**GIVEN DATA:**
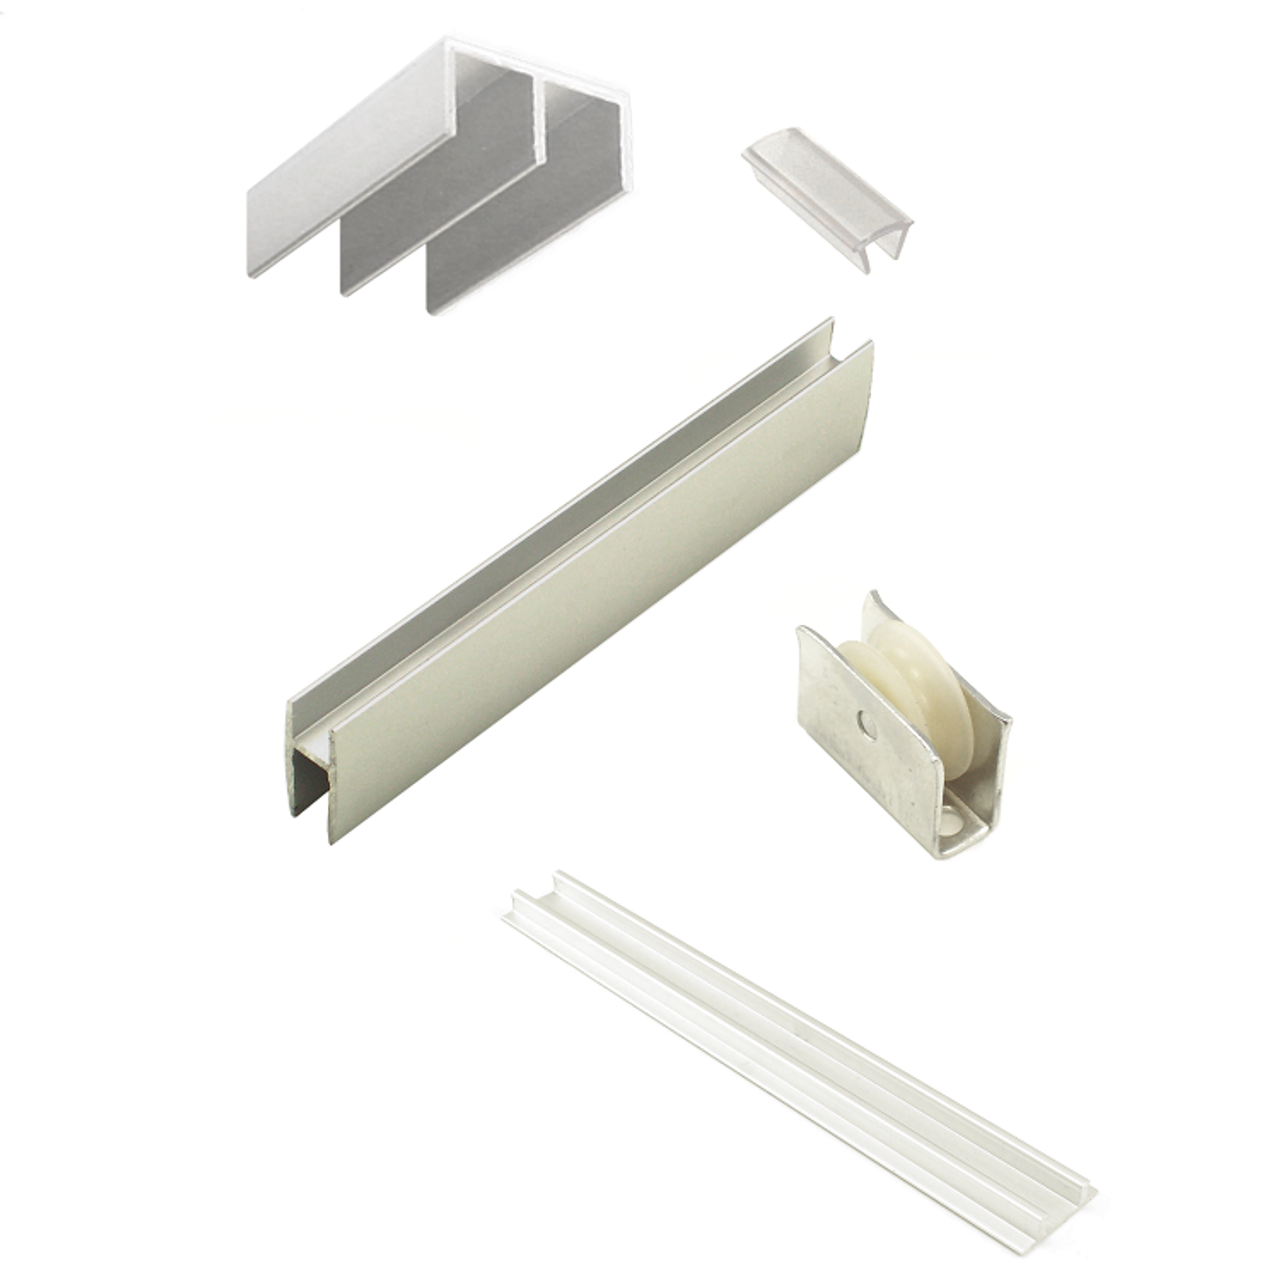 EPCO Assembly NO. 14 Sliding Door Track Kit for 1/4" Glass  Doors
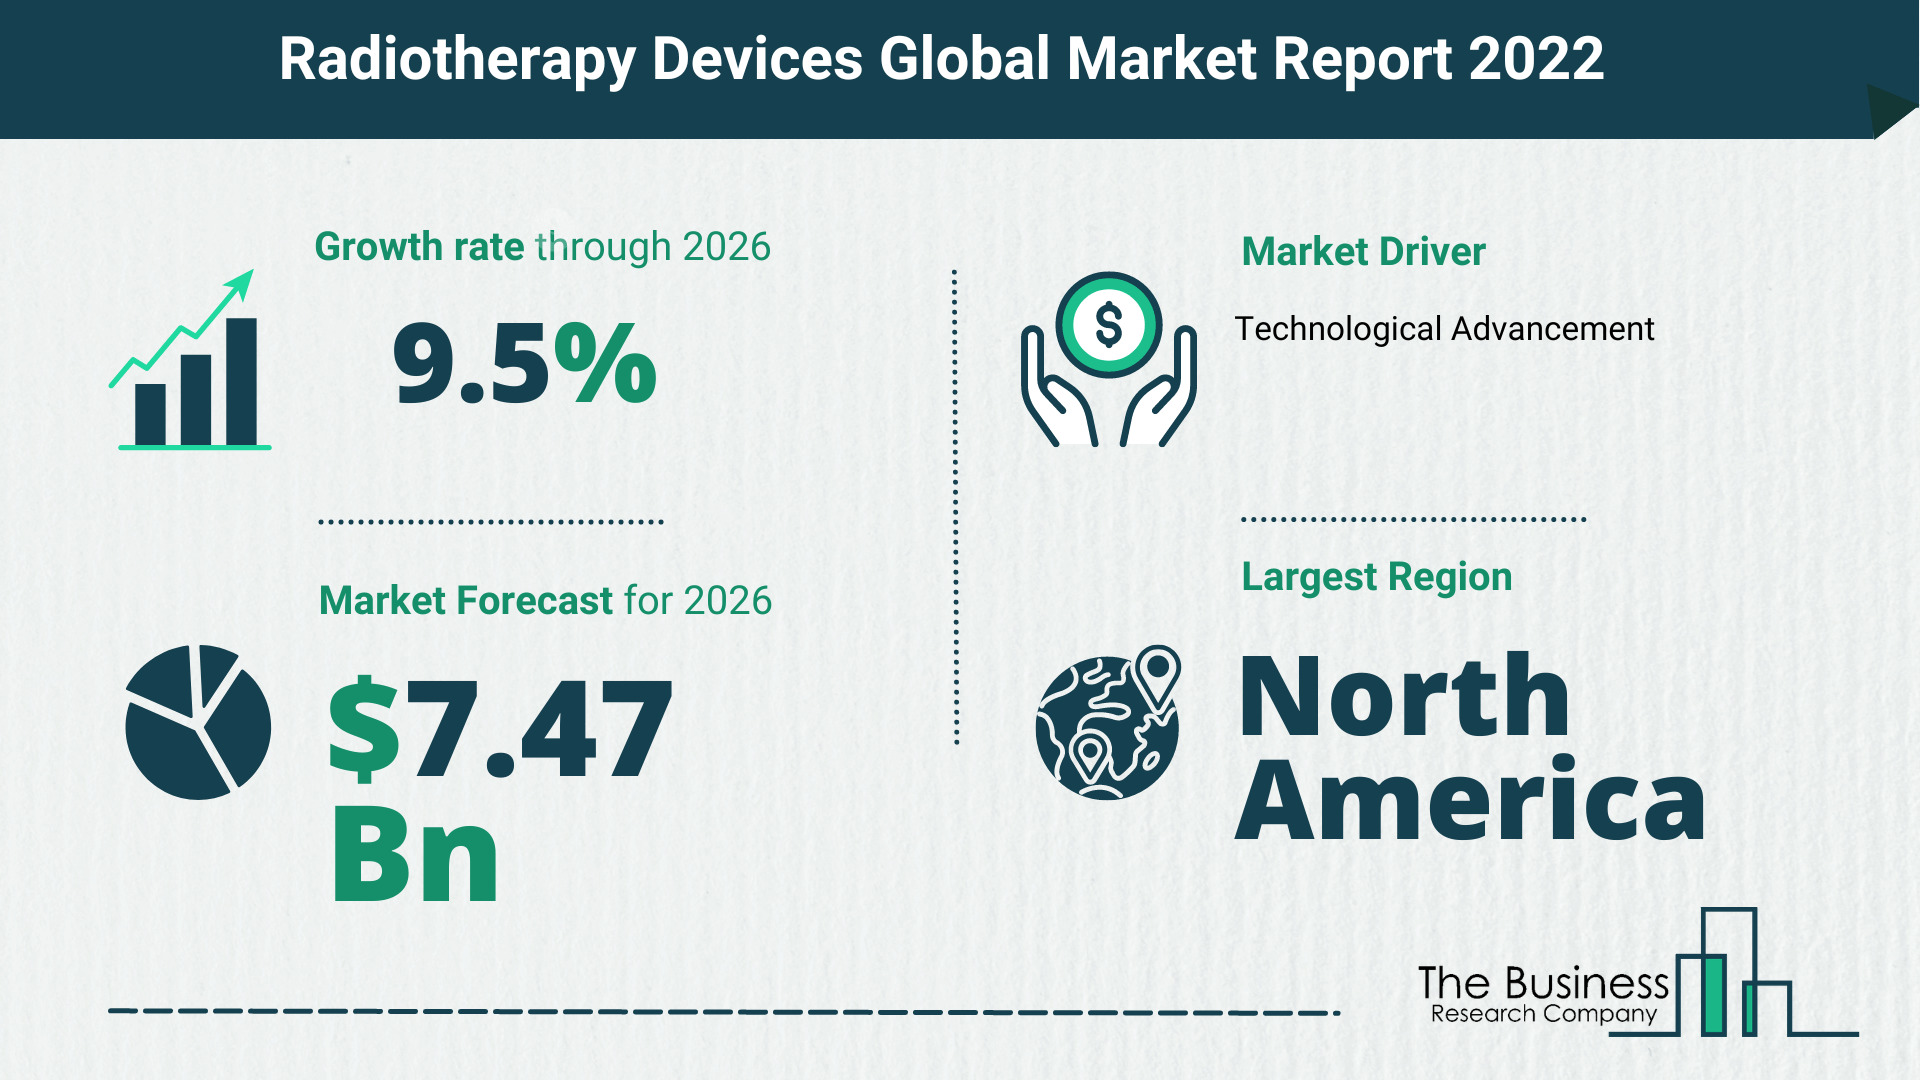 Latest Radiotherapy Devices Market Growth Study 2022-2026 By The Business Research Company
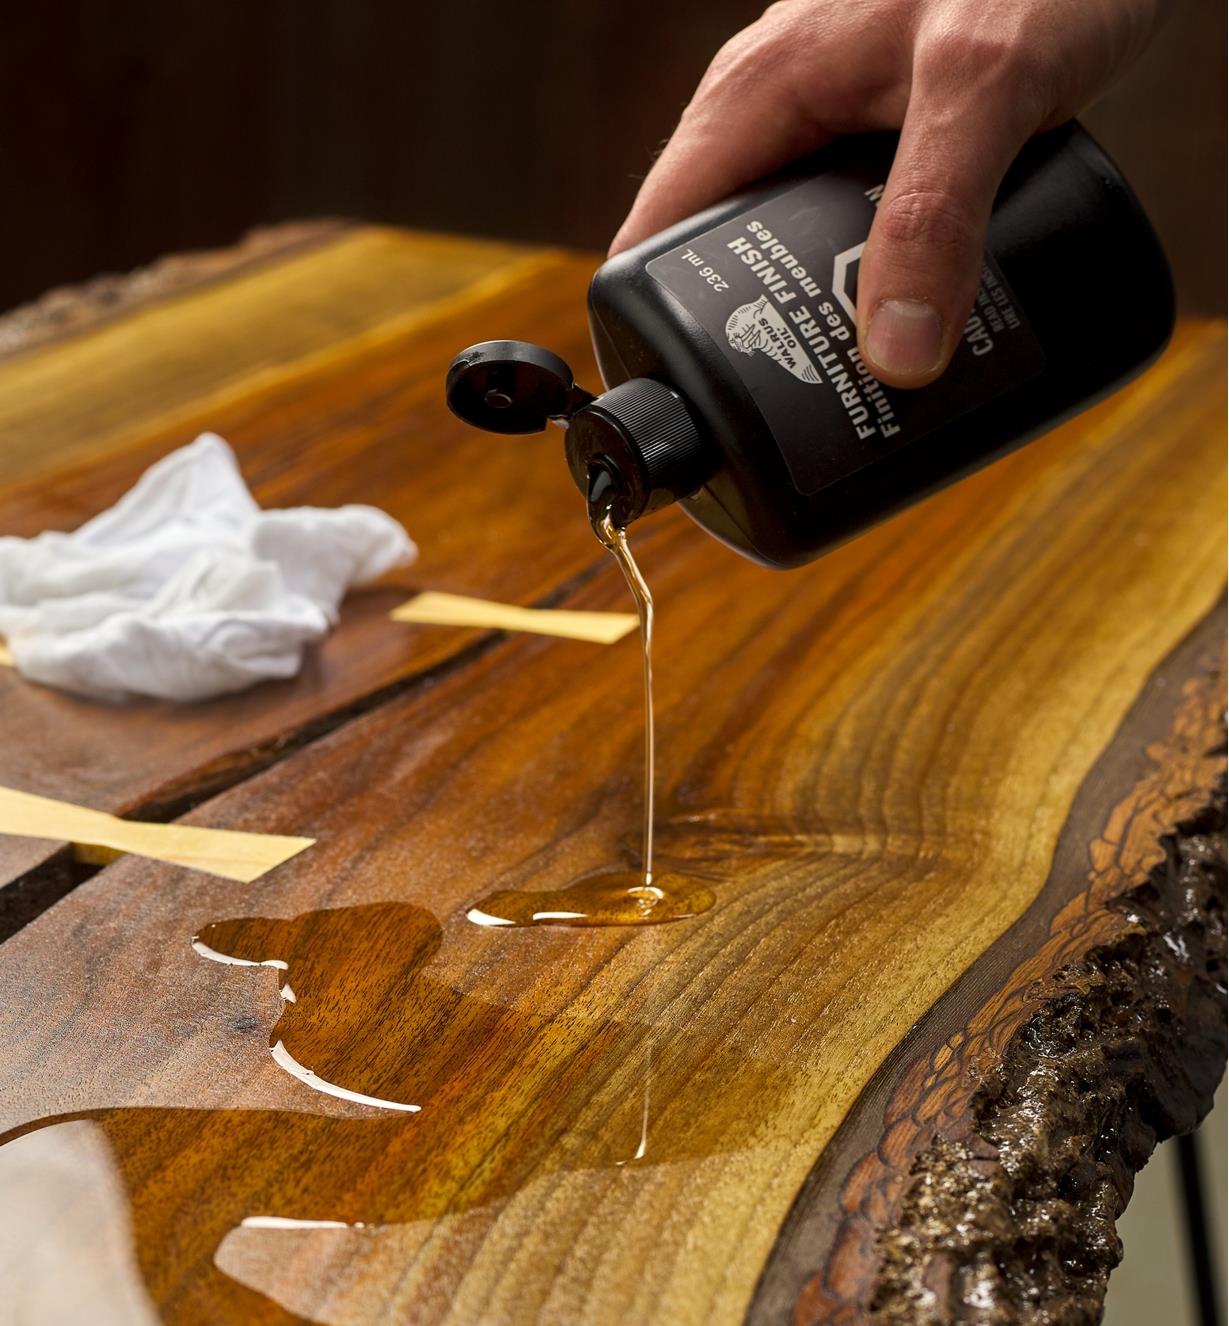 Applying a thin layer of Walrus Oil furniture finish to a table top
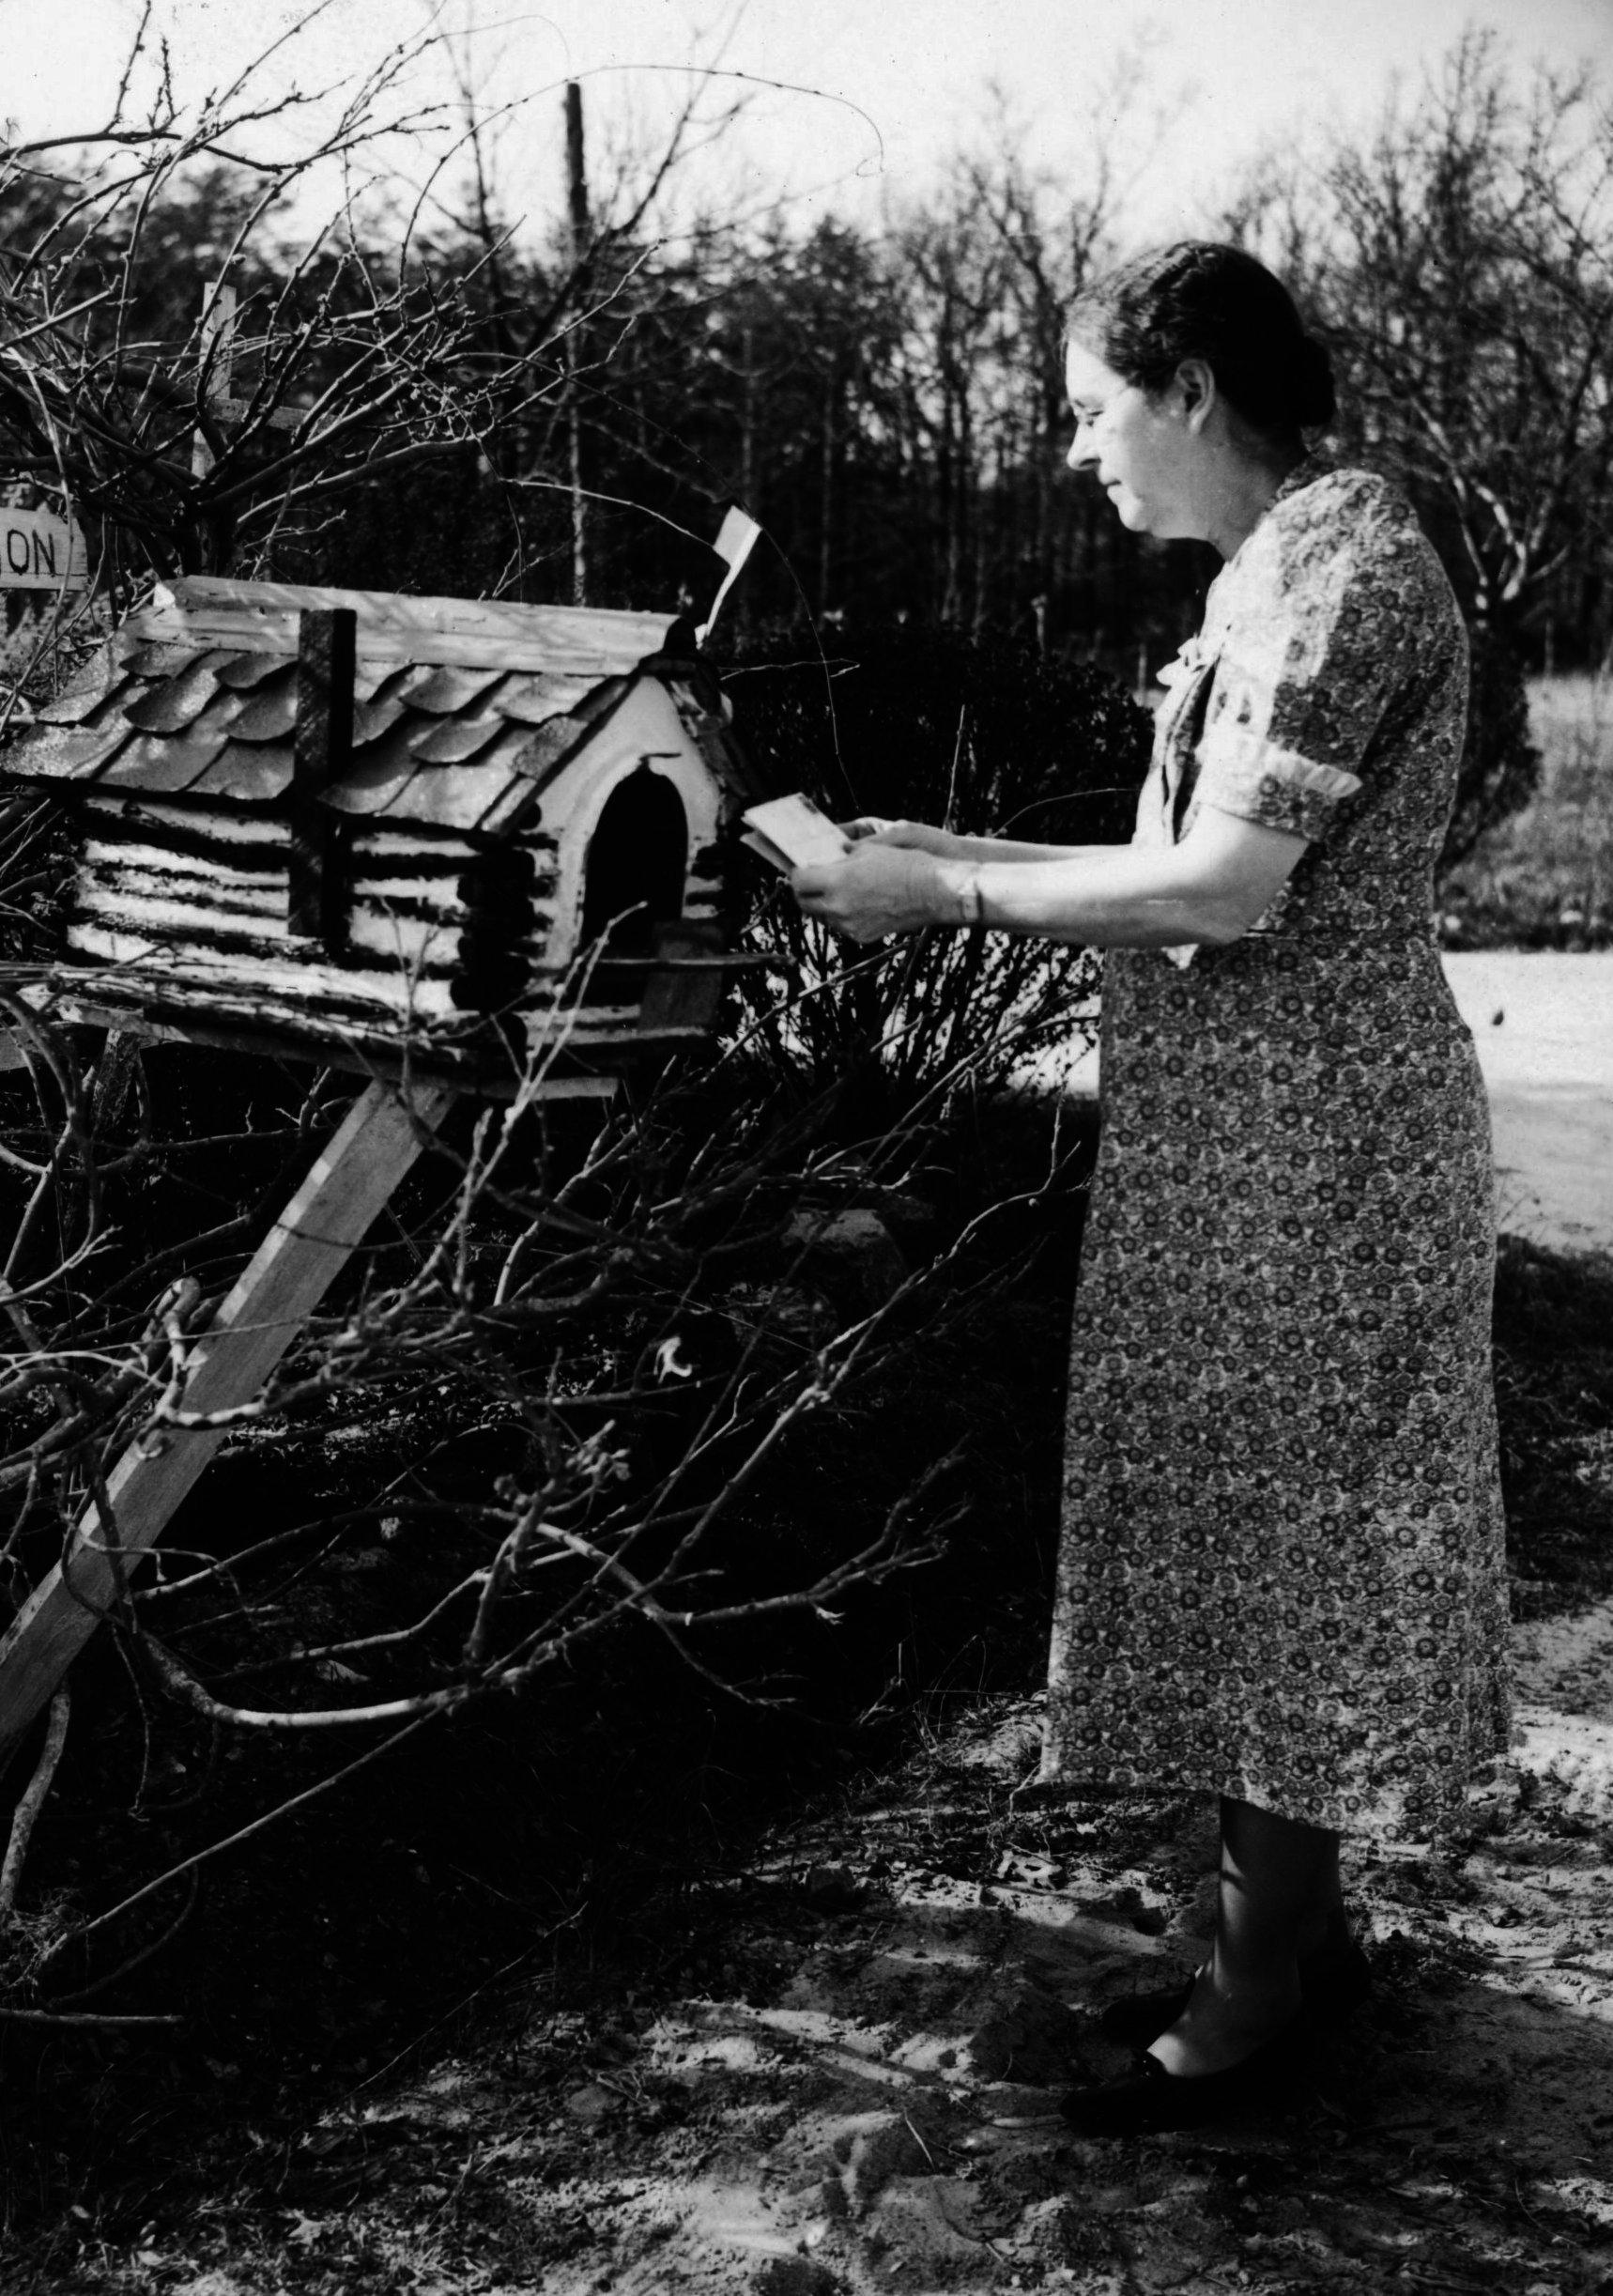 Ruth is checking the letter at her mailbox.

**PROBLEM DETAILS:** Copy word for word every line from the one holding "Applying a thin" to the end of the listing, both ends included, but do not copy any pictures.

**ANSWER TO THIS TASK:**
 Applying a thin layer of Walrus Oil furniture finish to a table top
 Ruth is checking the letter at her mailbox.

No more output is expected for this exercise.